**Brief:** Could you repeat the listing below exactly while leaving its pictures behind?

:: Data block

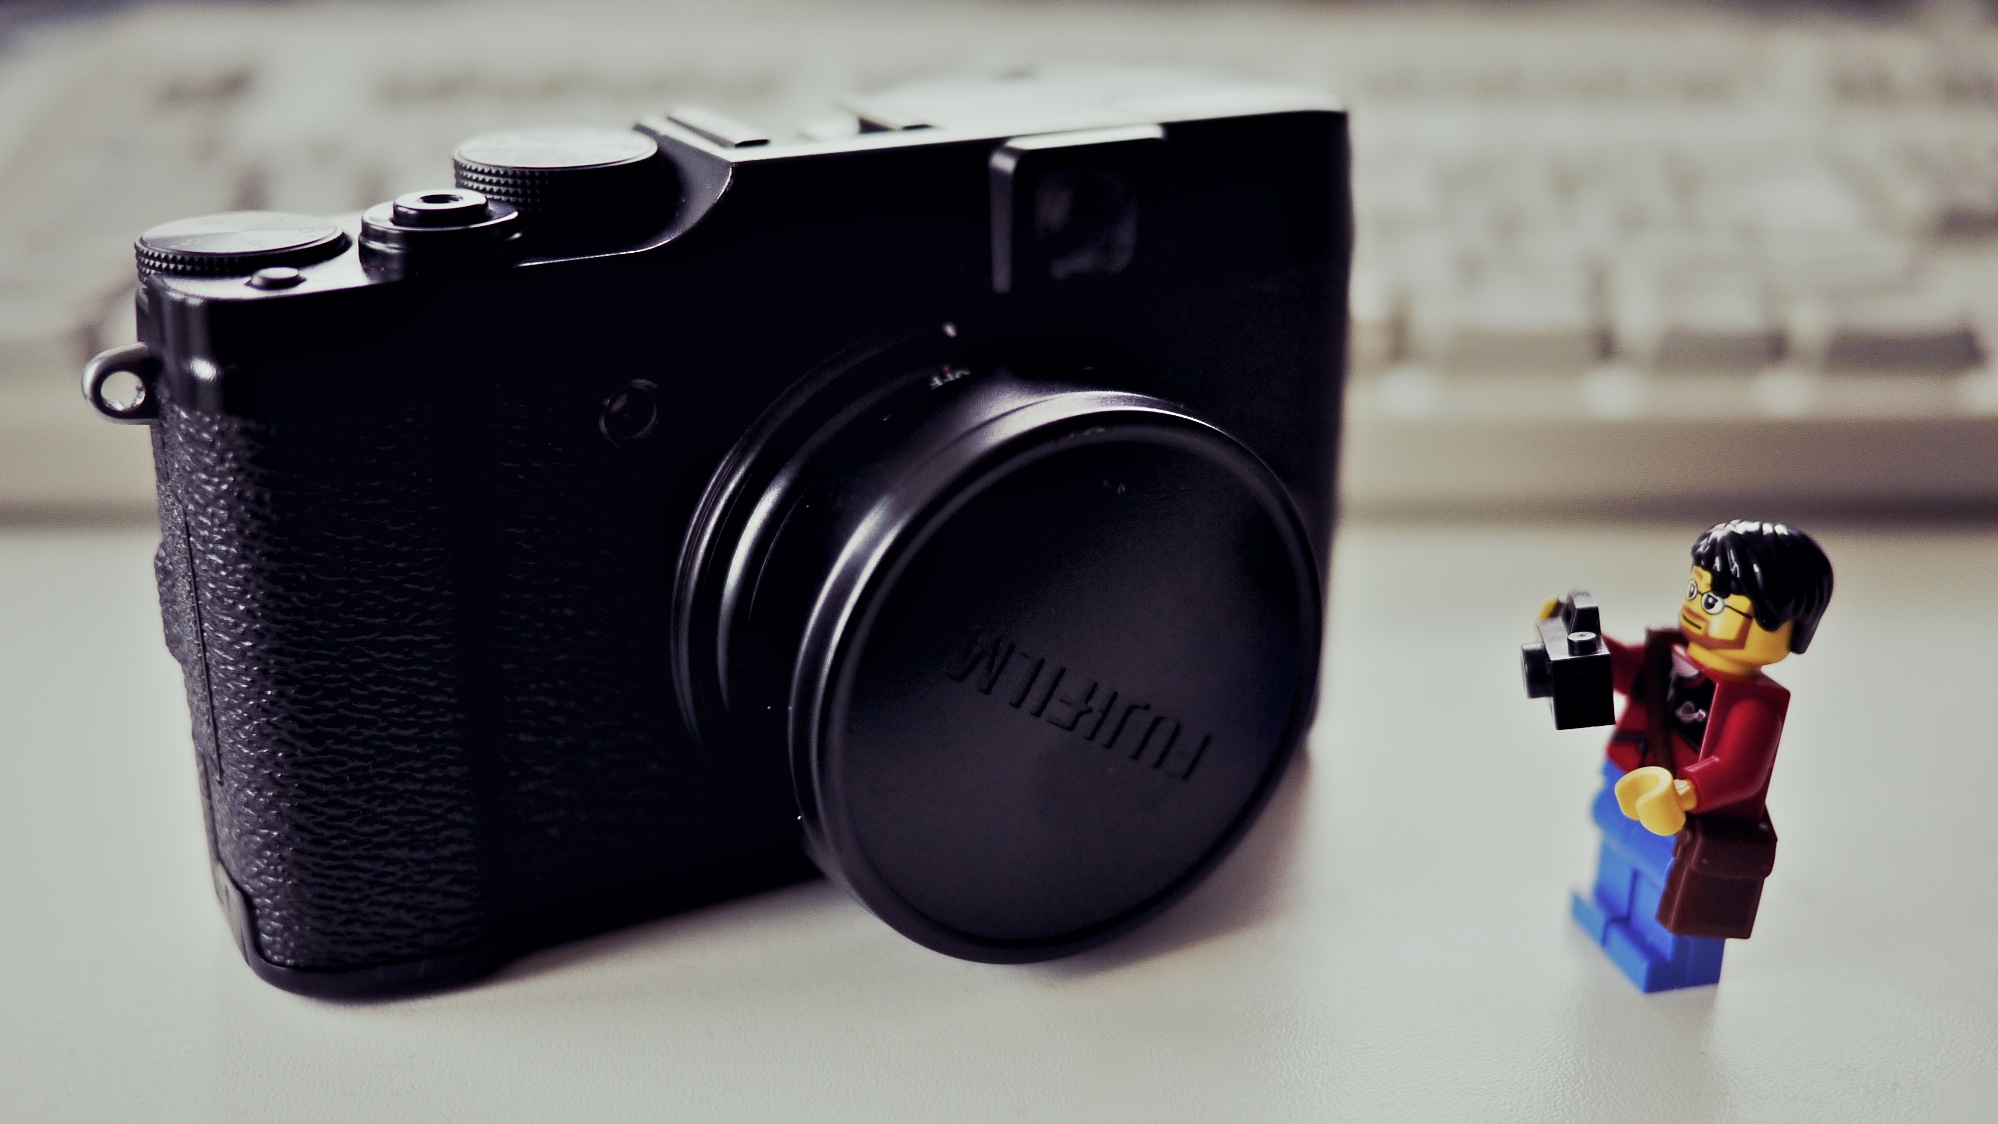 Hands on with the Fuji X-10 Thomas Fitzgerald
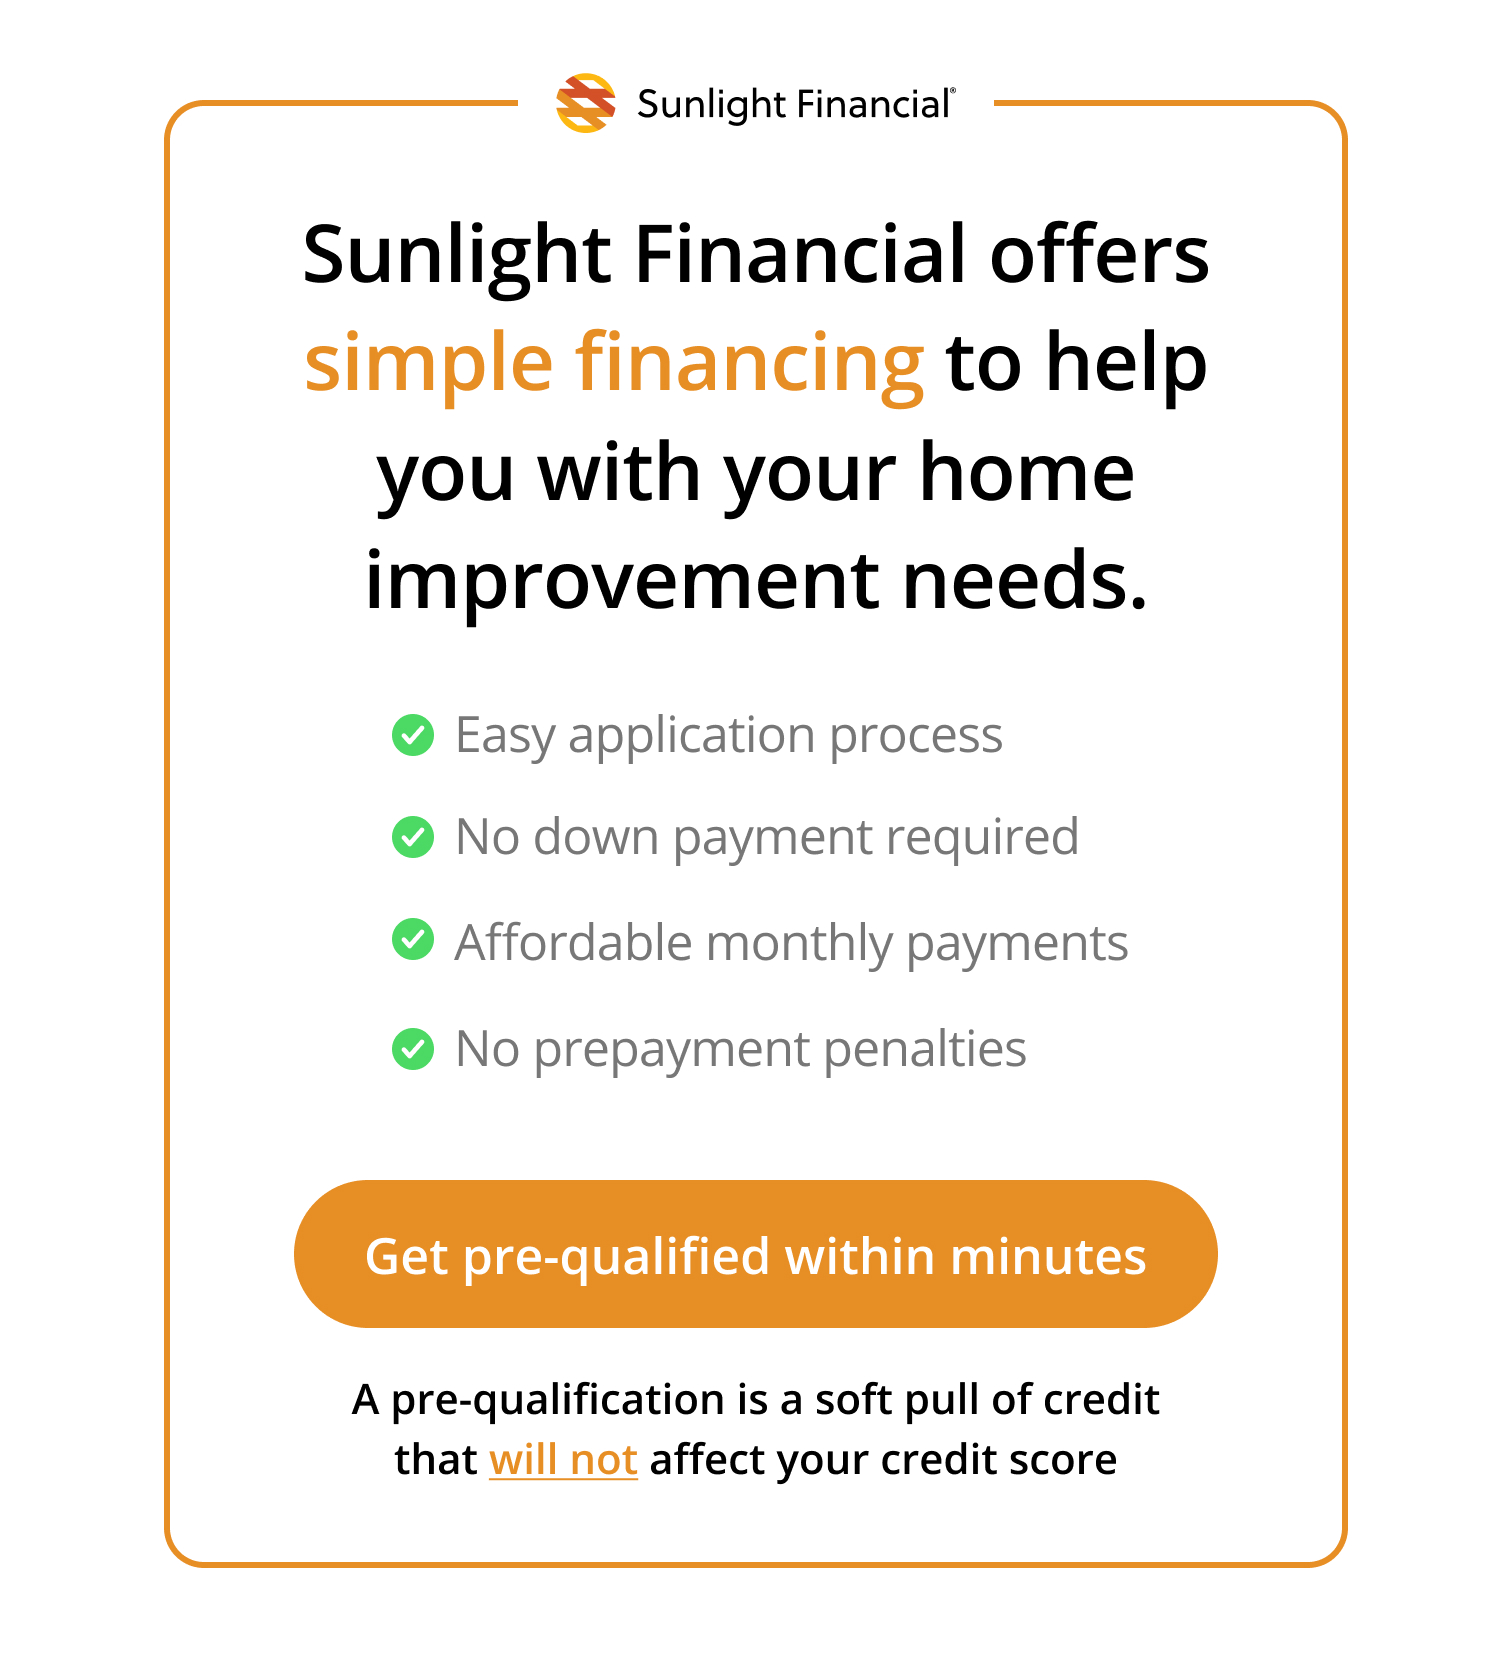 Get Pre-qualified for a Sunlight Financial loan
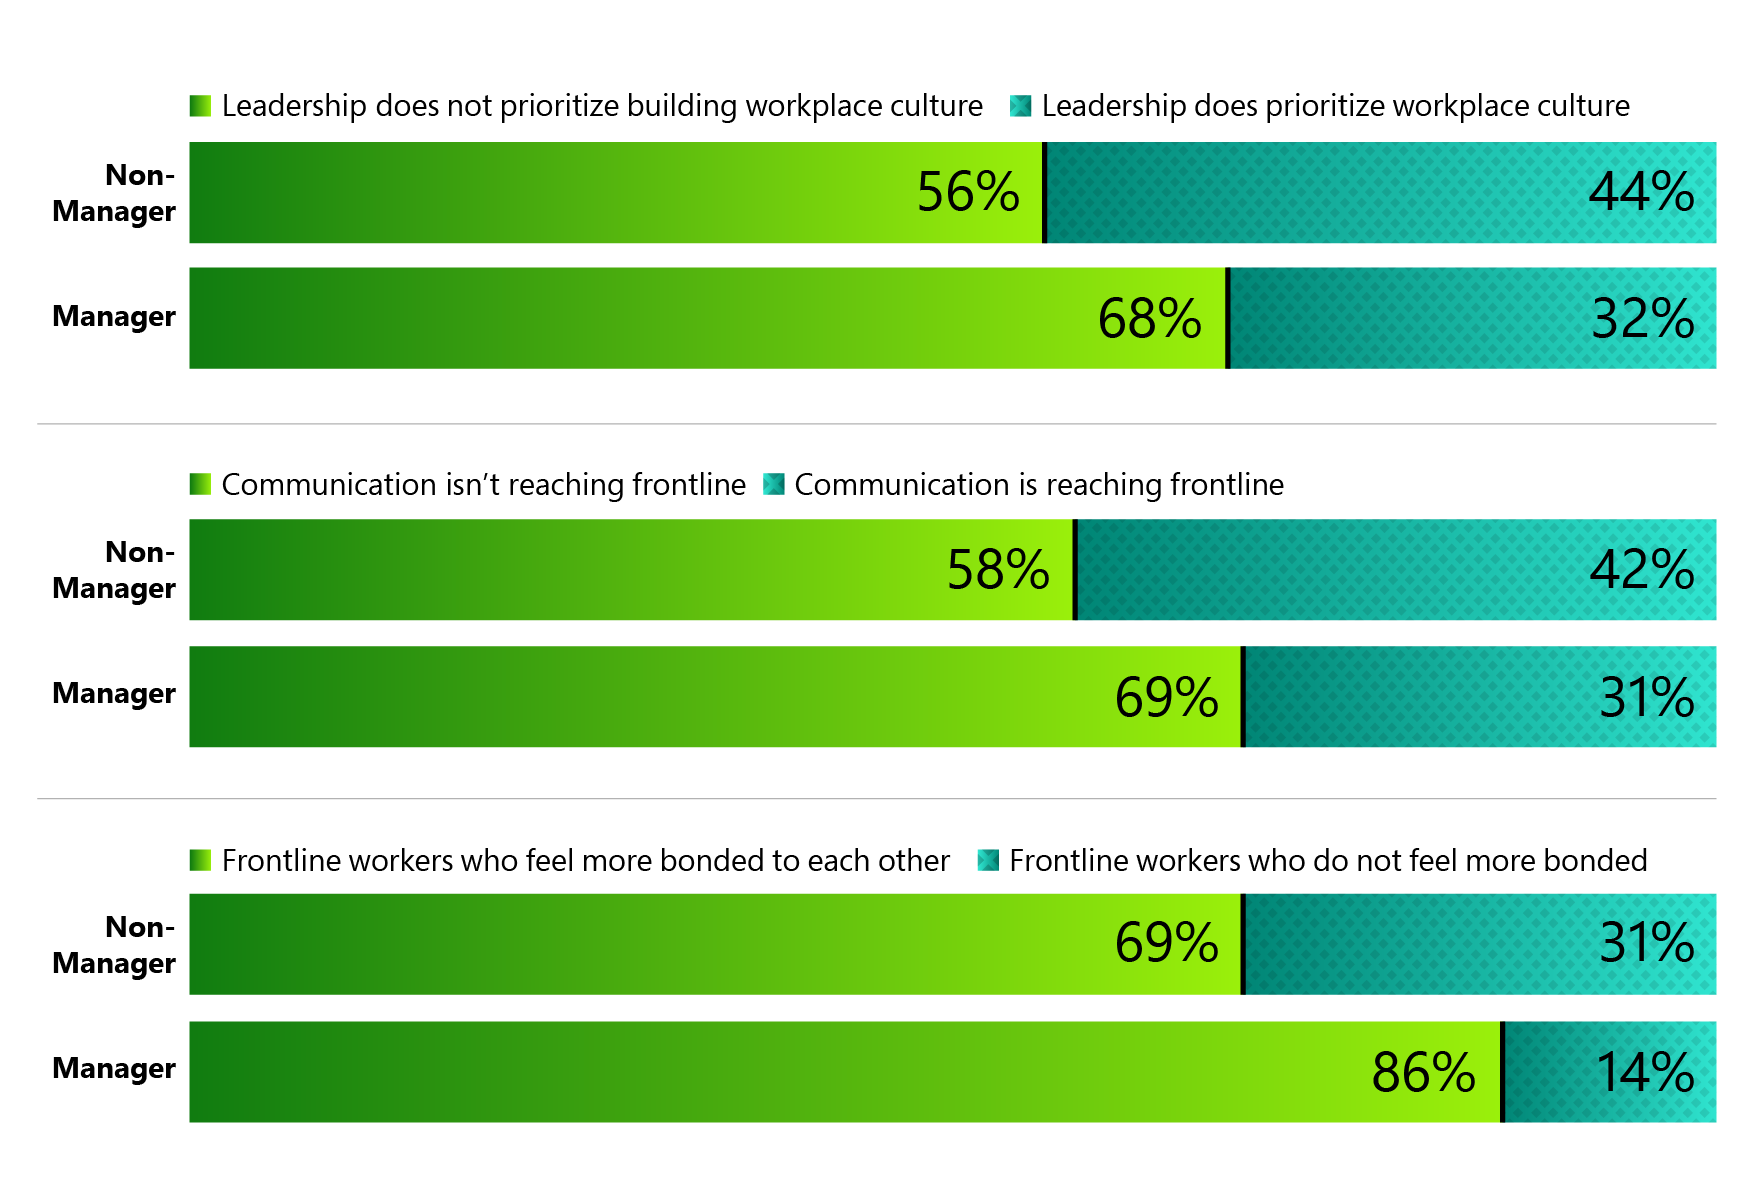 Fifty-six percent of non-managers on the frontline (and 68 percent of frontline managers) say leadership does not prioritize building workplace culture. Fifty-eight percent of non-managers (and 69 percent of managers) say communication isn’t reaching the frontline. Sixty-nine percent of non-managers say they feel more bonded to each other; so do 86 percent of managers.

::::

**Solution for this exercise:**
 Hands on with the Fuji X-10 Thomas Fitzgerald
 Get Pre-qualified for a Sunlight Financial loan
 Fifty-six percent of non-managers on the frontline (and 68 percent of frontline managers) say leadership does not prioritize building workplace culture. Fifty-eight percent of non-managers (and 69 percent of managers) say communication isn’t reaching the frontline. Sixty-nine percent of non-managers say they feel more bonded to each other; so do 86 percent of managers.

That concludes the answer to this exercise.